-- Problem --
Taking the entries below, transcribe only the lines starting with the one with "Château d'Azay-le-Rideau, Loire" and going on through the one with "HD surveillance kit", exactly as written, without the pictures.

-- Records for the task --
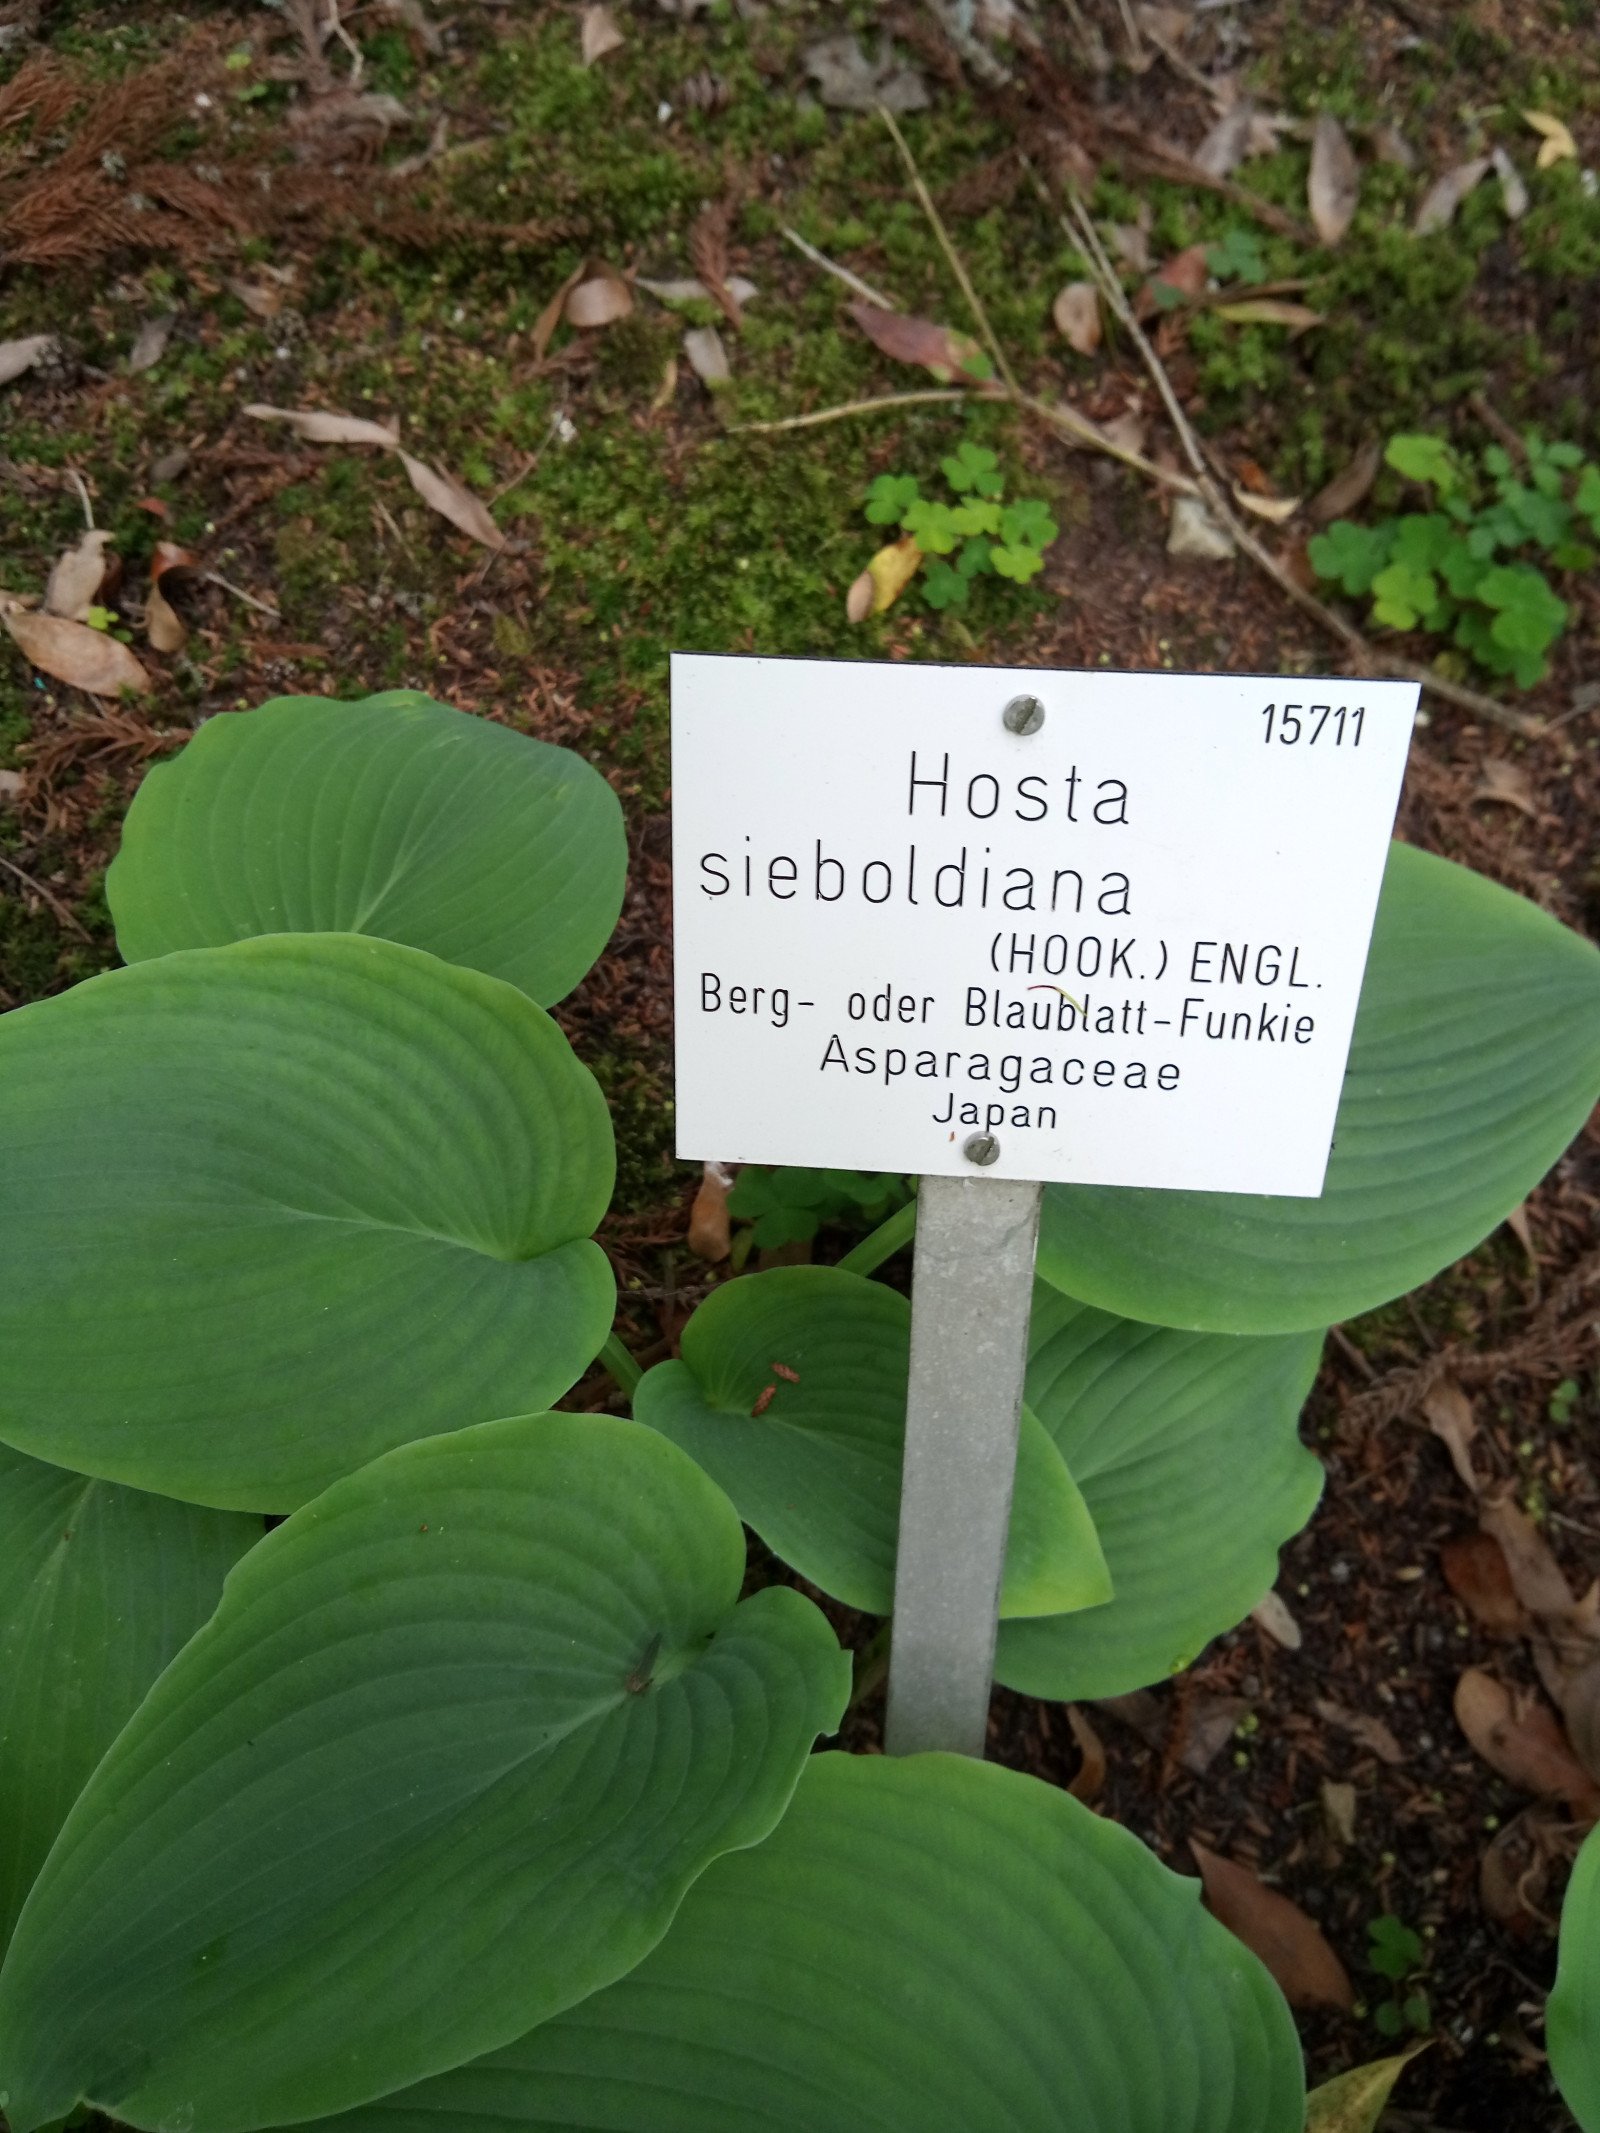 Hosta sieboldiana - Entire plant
--
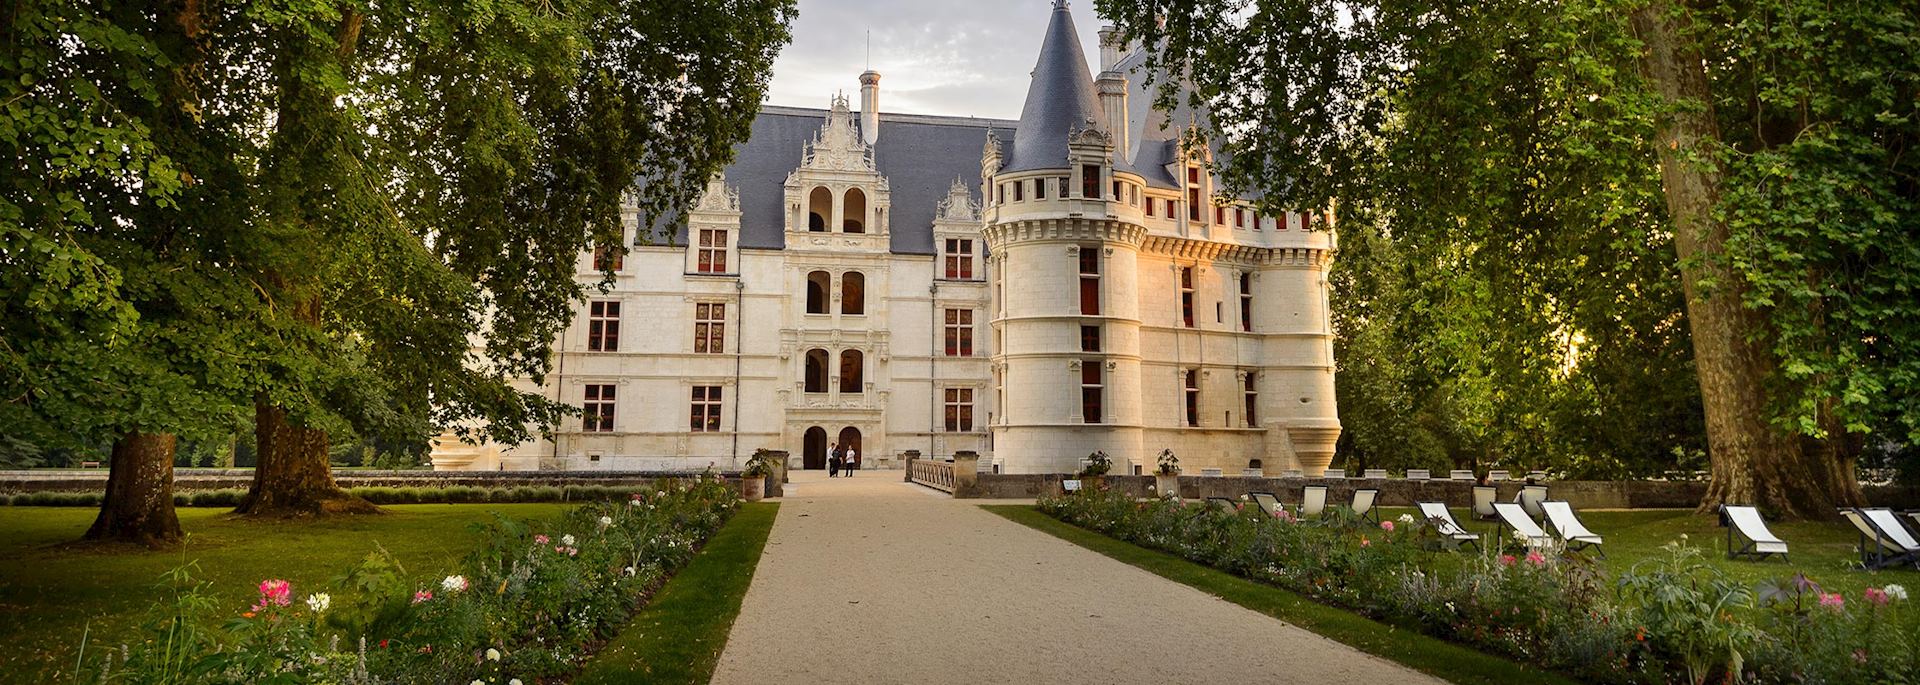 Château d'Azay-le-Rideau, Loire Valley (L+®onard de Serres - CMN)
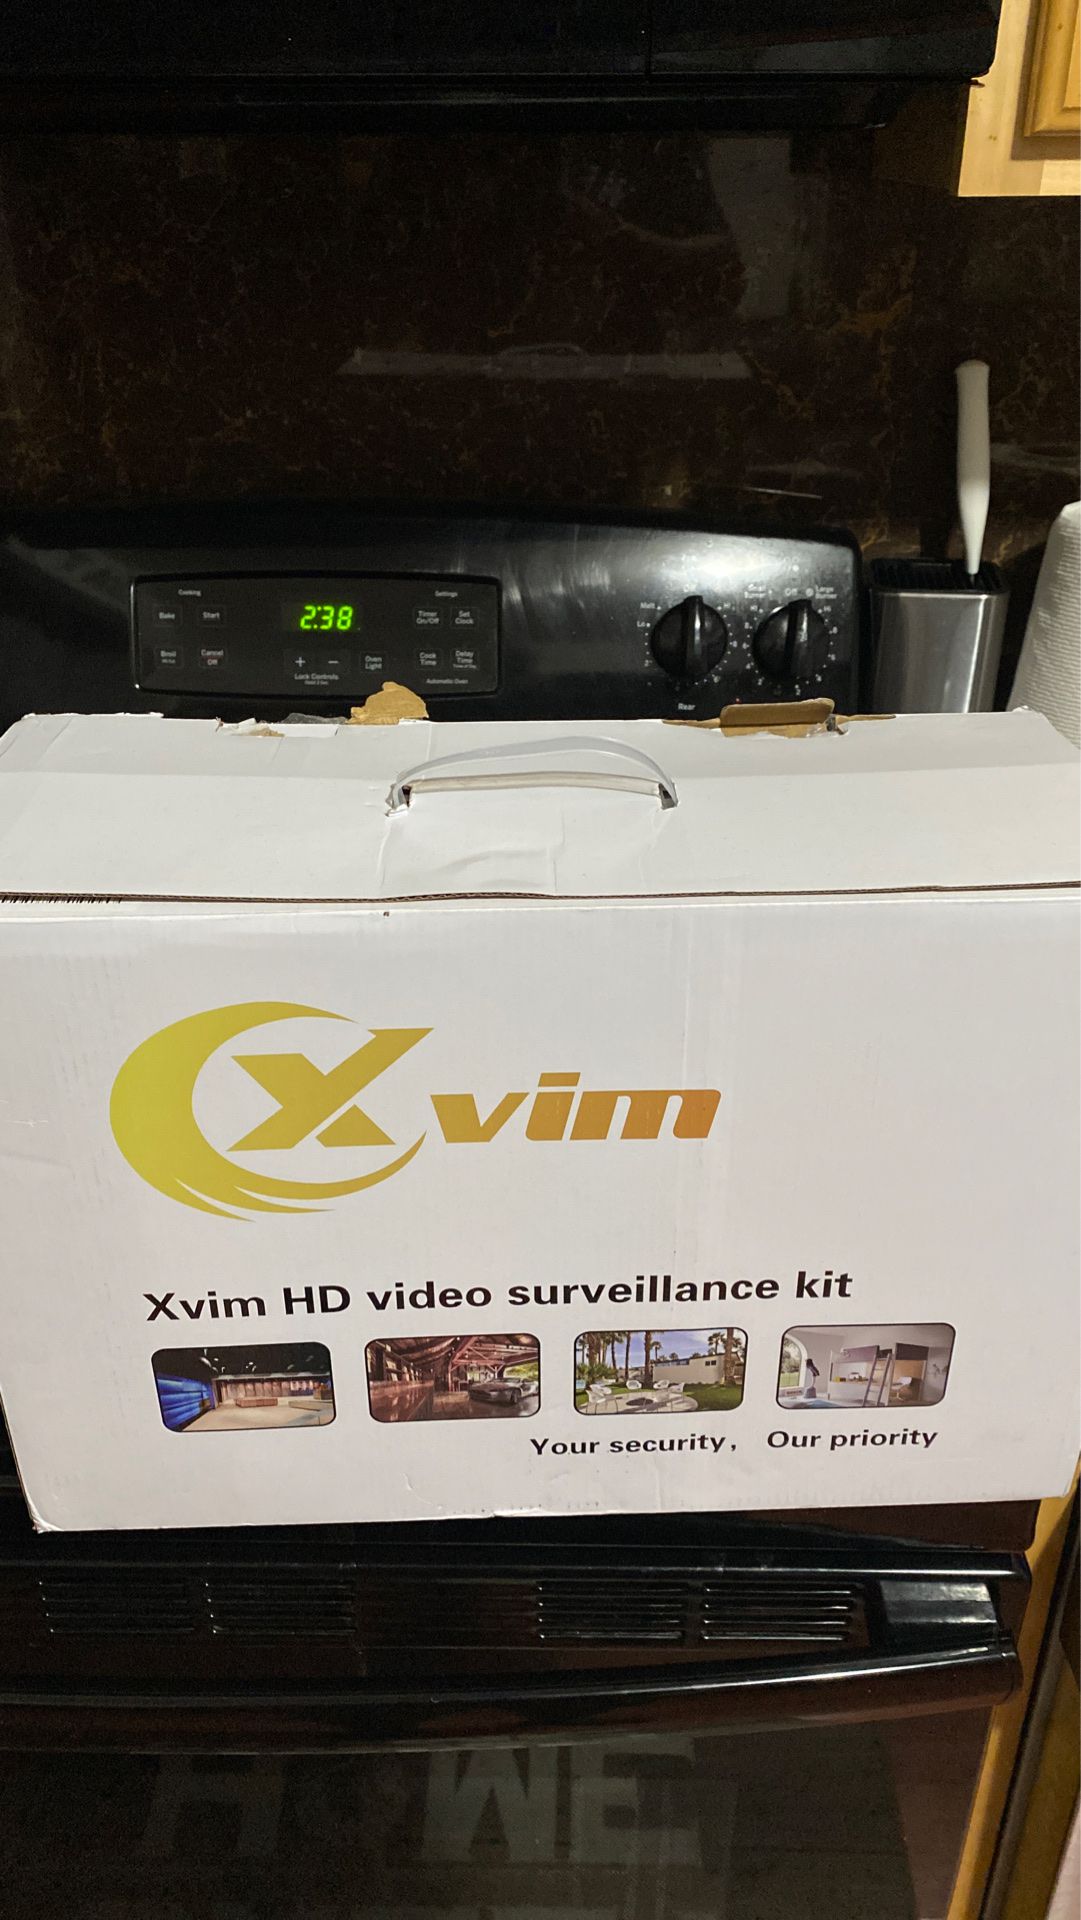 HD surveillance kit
* * *
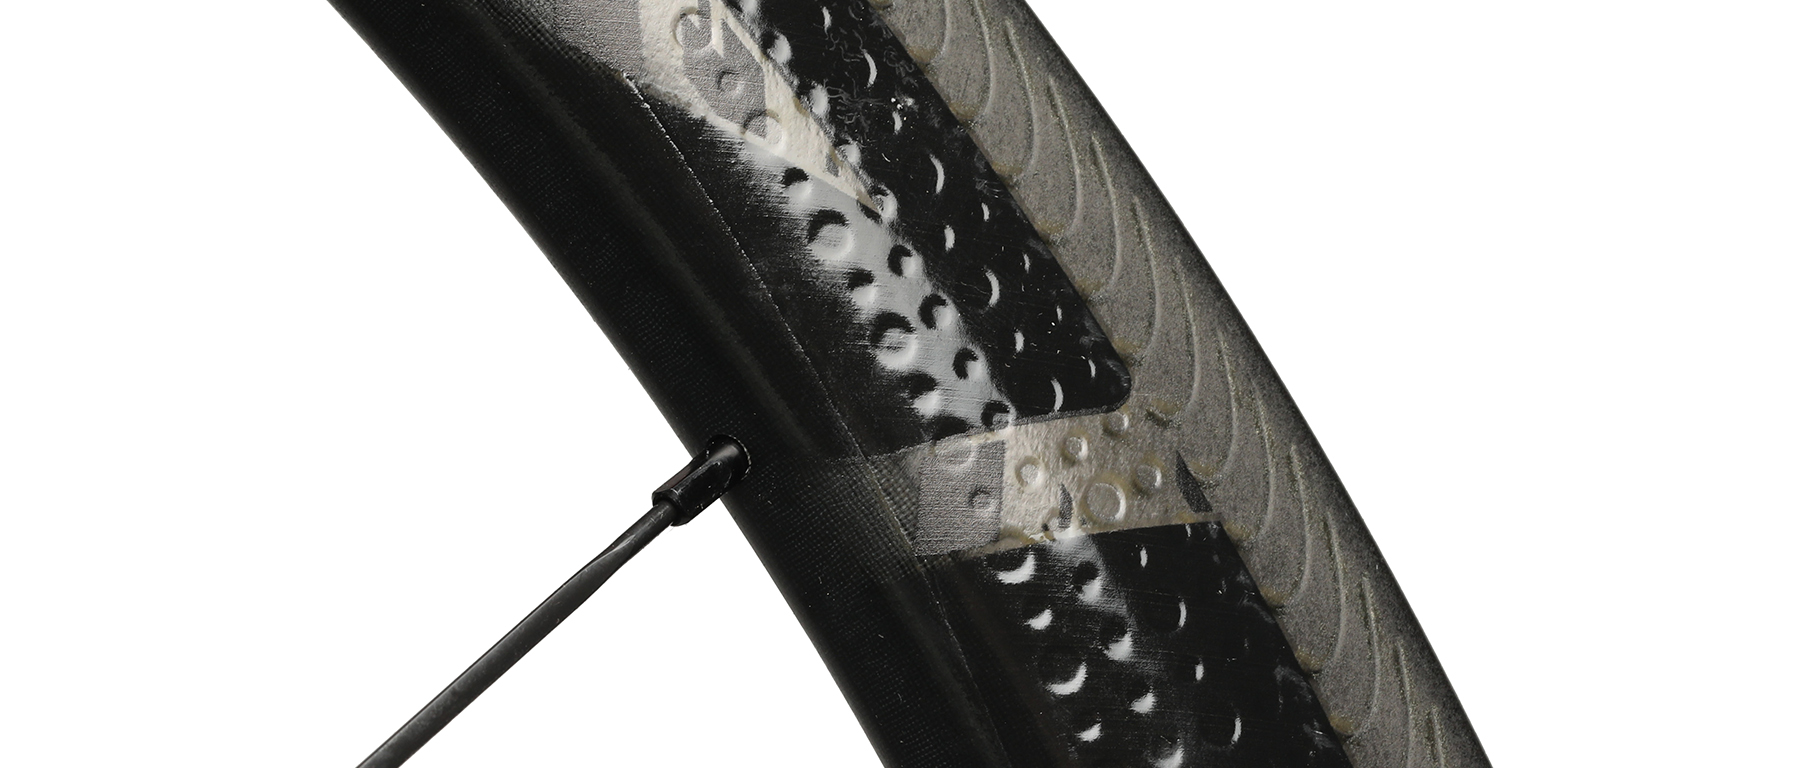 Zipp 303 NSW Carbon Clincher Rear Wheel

-- Your solution --
 Château d'Azay-le-Rideau, Loire Valley (L+®onard de Serres - CMN)
 HD surveillance kit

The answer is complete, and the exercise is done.